Your task is to copy every line of the entries that contains "Sale".

Start of Block

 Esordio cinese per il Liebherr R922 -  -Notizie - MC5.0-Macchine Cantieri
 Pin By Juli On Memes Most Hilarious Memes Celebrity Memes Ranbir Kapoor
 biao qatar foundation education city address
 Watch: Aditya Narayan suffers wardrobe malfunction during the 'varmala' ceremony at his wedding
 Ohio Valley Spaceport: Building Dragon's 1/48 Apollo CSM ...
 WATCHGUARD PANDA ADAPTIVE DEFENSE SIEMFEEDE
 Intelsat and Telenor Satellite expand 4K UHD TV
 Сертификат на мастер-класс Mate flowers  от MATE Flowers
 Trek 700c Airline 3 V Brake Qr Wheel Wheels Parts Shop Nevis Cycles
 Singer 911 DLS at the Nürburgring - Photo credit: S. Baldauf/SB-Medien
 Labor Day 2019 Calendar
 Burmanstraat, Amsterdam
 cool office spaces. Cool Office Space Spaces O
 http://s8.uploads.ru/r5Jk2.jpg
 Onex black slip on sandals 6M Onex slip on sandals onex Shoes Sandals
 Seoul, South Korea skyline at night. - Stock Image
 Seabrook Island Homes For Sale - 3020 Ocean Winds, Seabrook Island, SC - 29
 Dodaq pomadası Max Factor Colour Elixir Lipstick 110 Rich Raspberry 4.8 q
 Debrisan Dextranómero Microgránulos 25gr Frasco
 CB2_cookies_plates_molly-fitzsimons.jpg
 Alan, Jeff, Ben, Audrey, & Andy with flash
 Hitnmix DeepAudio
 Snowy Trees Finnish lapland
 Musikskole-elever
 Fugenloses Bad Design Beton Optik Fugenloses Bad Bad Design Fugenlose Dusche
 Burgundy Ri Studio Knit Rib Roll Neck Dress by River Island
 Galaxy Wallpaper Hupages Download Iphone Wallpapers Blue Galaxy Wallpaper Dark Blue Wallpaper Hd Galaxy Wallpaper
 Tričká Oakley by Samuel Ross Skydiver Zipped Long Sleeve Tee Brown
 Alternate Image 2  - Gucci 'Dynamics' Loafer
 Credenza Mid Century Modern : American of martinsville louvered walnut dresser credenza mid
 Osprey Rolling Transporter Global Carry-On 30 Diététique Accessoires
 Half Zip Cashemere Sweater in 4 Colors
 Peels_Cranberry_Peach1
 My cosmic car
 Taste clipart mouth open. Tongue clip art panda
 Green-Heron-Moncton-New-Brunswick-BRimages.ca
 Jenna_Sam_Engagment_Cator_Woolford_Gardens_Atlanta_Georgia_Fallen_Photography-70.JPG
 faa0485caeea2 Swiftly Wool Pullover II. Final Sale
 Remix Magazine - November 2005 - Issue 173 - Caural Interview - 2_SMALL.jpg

End of Block

Solved exercise:
 Seabrook Island Homes For Sale - 3020 Ocean Winds, Seabrook Island, SC - 29
 faa0485caeea2 Swiftly Wool Pullover II. Final Sale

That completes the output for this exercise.